NFZ zapowiedział rozpoczęcie współpracy z konsultantką krajową w dziedzinie hematologii i towarzystwami naukowymi w zakresie przejścia rejestru Systemu Monitorowania Programów Terapeutycznych (SMPT) programu lekowego szpiczaka mnogiego na platformę P1 w formie pilotażu.

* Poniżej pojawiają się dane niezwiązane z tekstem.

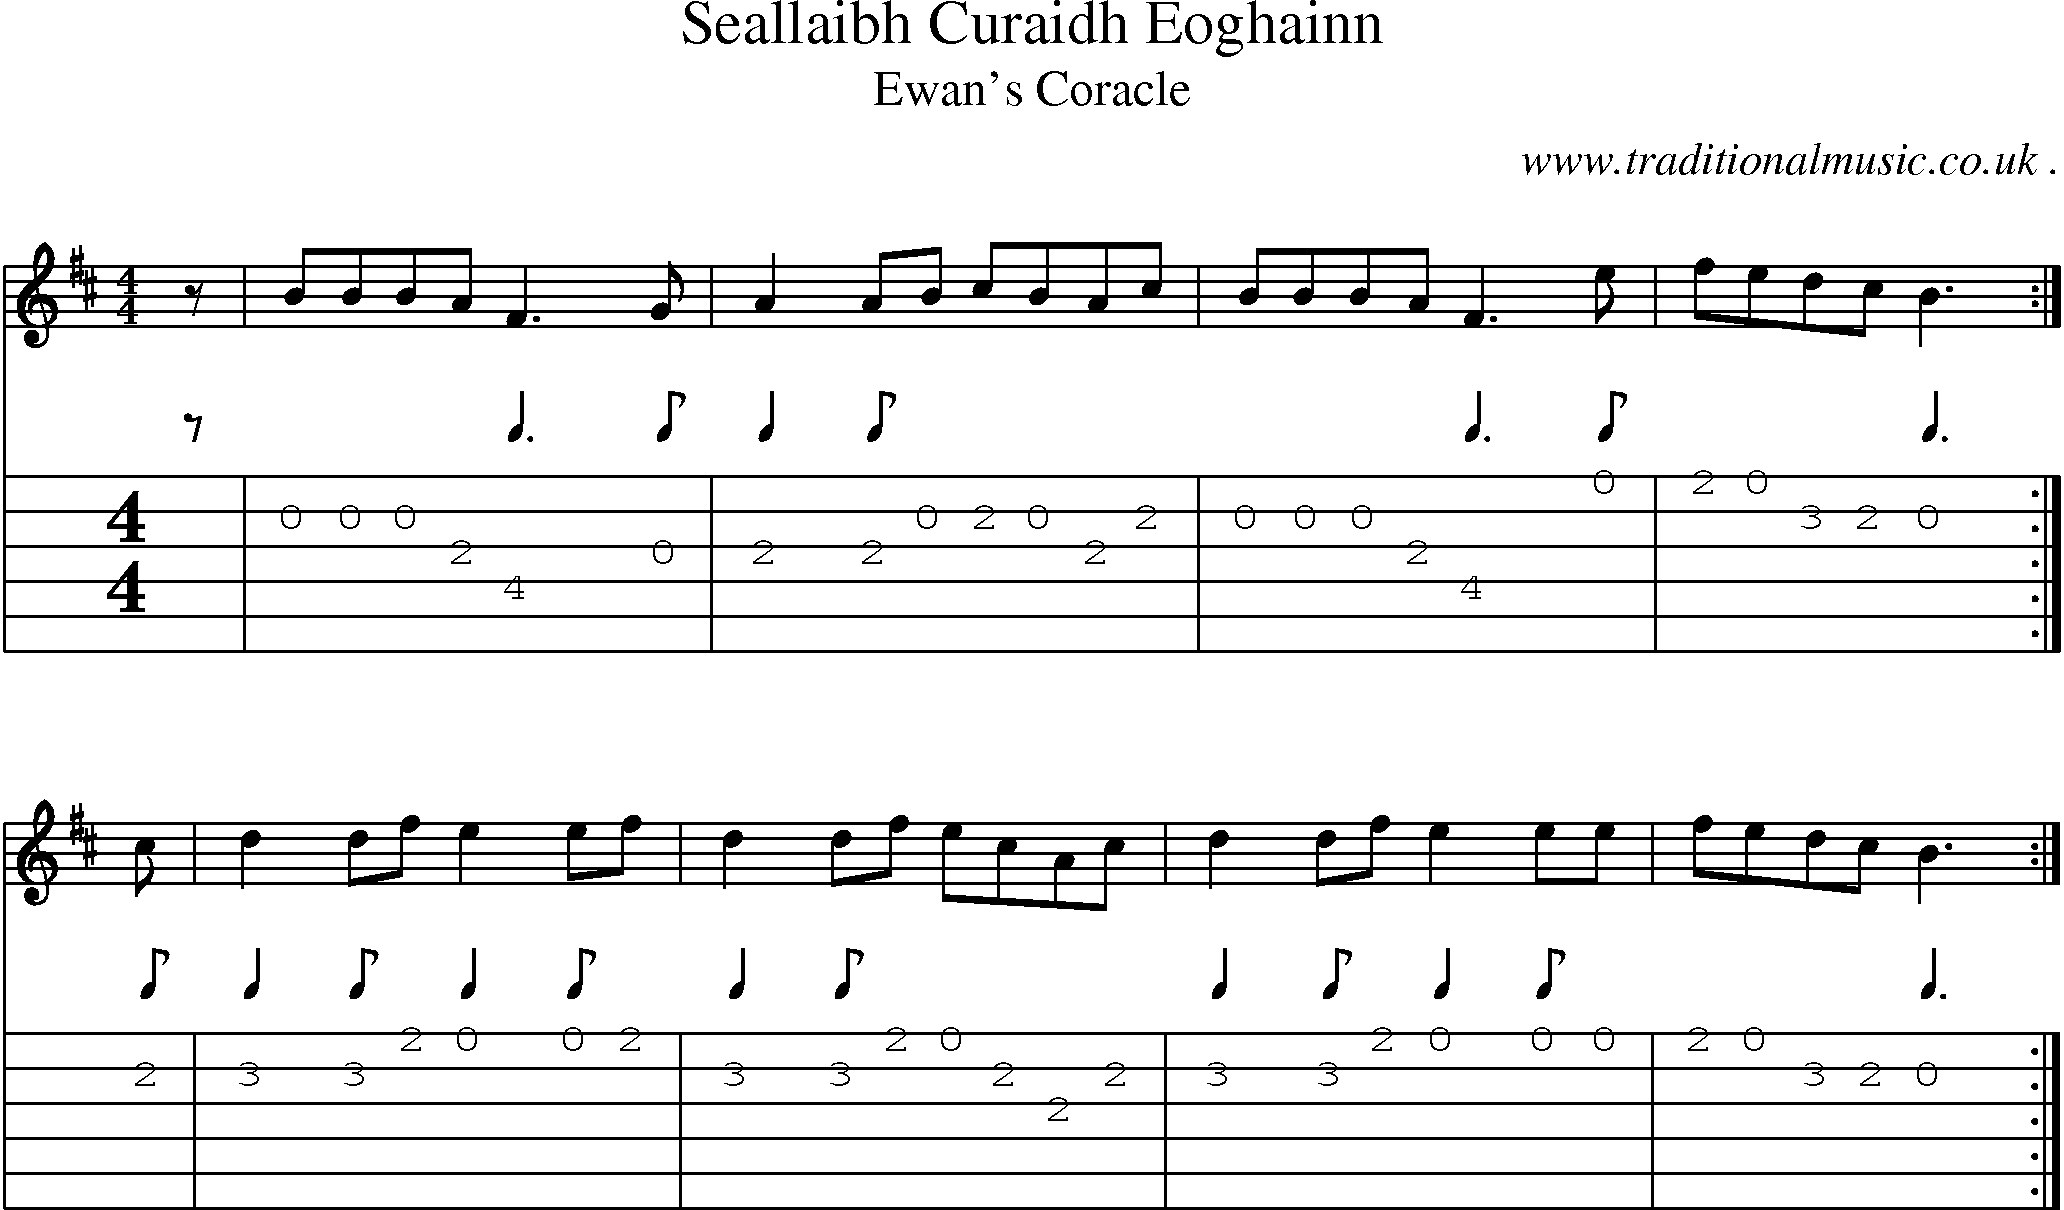 Sheet-music  score, Chords and Guitar Tabs for Seallaibh Curaidh Eoghainn
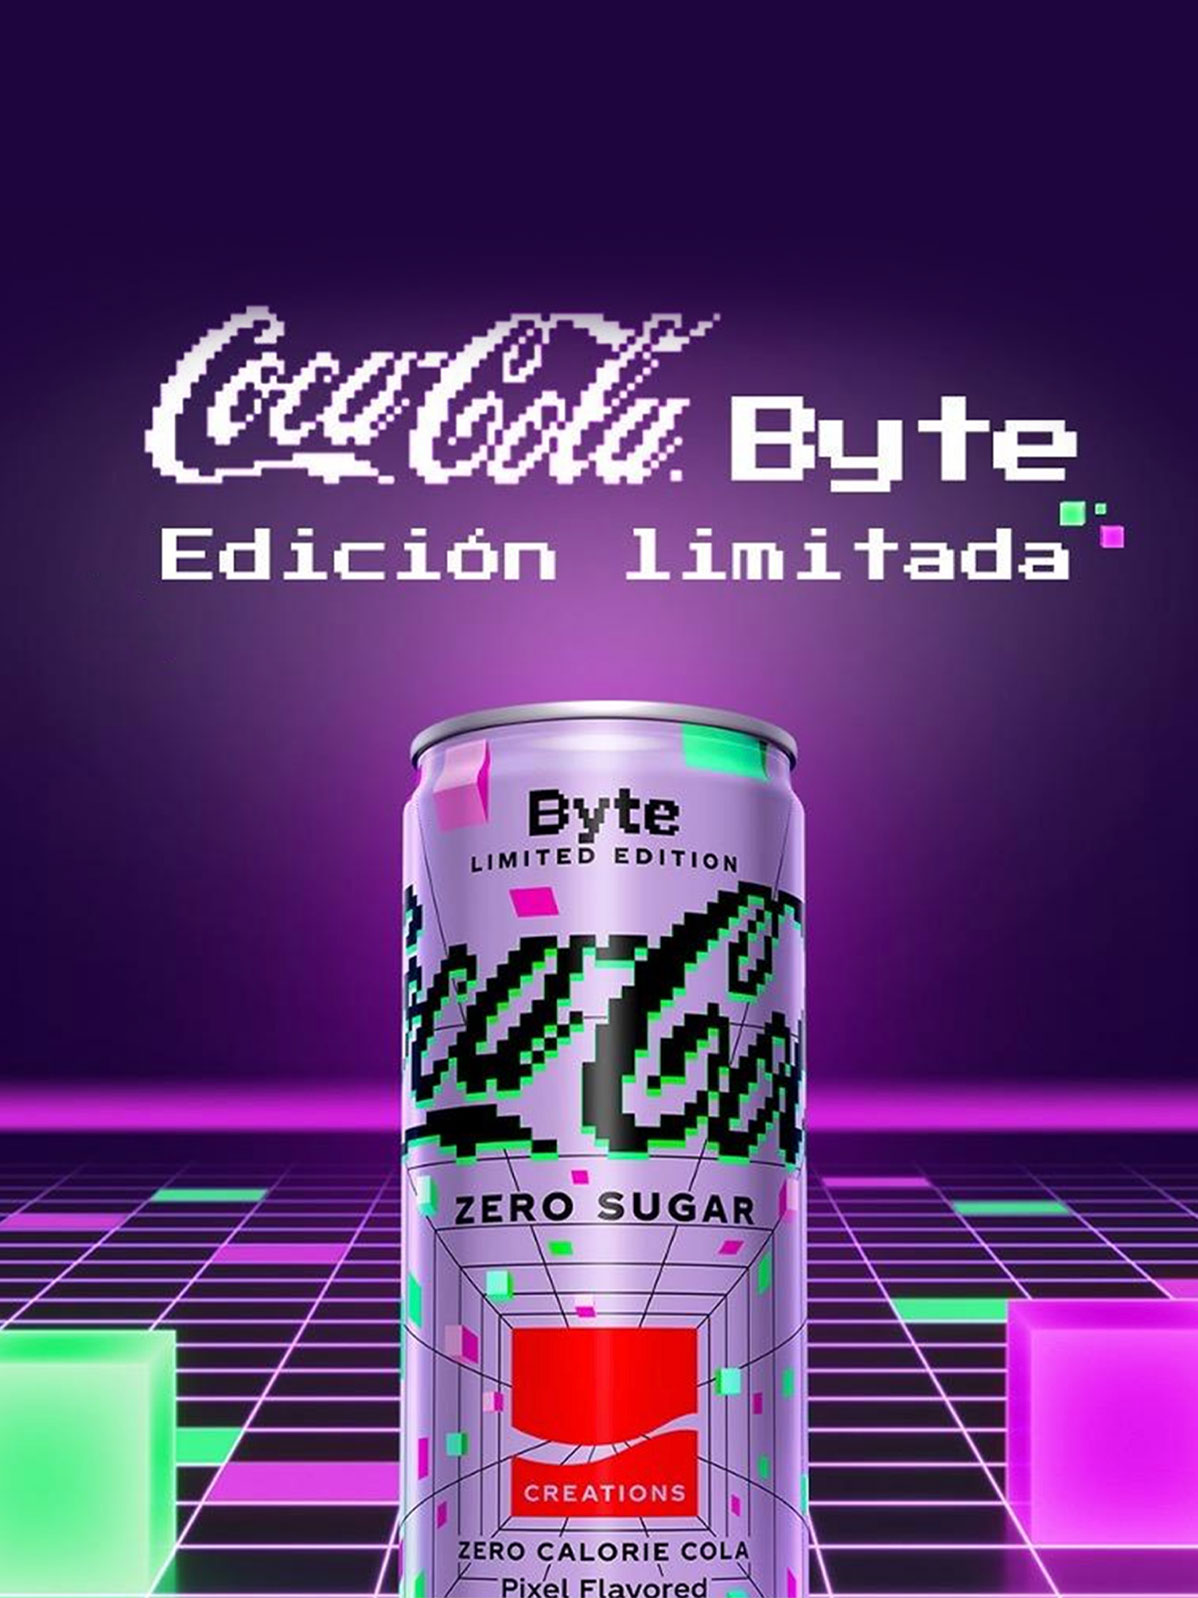 Lata de Coca-Cola Byte sobre fondo lila con logo de Coca-Cola y texto

Wykorzystajmy dane, które gromadzimy
Klinicyści już od dawna apelują o dostęp do danych SMPT, gdzie sami wprowadzają informacje na temat zrealizowanych badań i przebiegu terapii pacjentów leczonych w ramach Programów Lekowych. Wgląd do tych danych pozwoliłby na lepszą ocenę skuteczności terapii, efektywności programów lekowych, a także precyzyjniejsze planowanie działań zdrowotnych. Umożliwiłby także dokładną ocenę zapotrzebowania na konkretne leki w ramach programów lekowych. Tymczasem teraz brakuje podstaw do takiej analizy i podejmowania decyzji dotyczących ewentualnej rozbudowy lub modyfikacji istniejących programów lekowych.
NFZ we współpracy z Centrum E-Zdrowia pracuje nad przejściem rejestru SMPT na platformę P1. Pilotażowo realizowane jest już to dla programu lekowego guzów litych. Nowy system, budowany w P1 ma być bardziej przyjazny, jeżeli chodzi o wprowadzanie danych. Zakres gromadzonych ma umożliwiać generowanie różnego rodzaju zestawień i raportów, między innymi na temat oceny skuteczności leczenia. Będzie też integrował się z systemami, które są u świadczeniodawców.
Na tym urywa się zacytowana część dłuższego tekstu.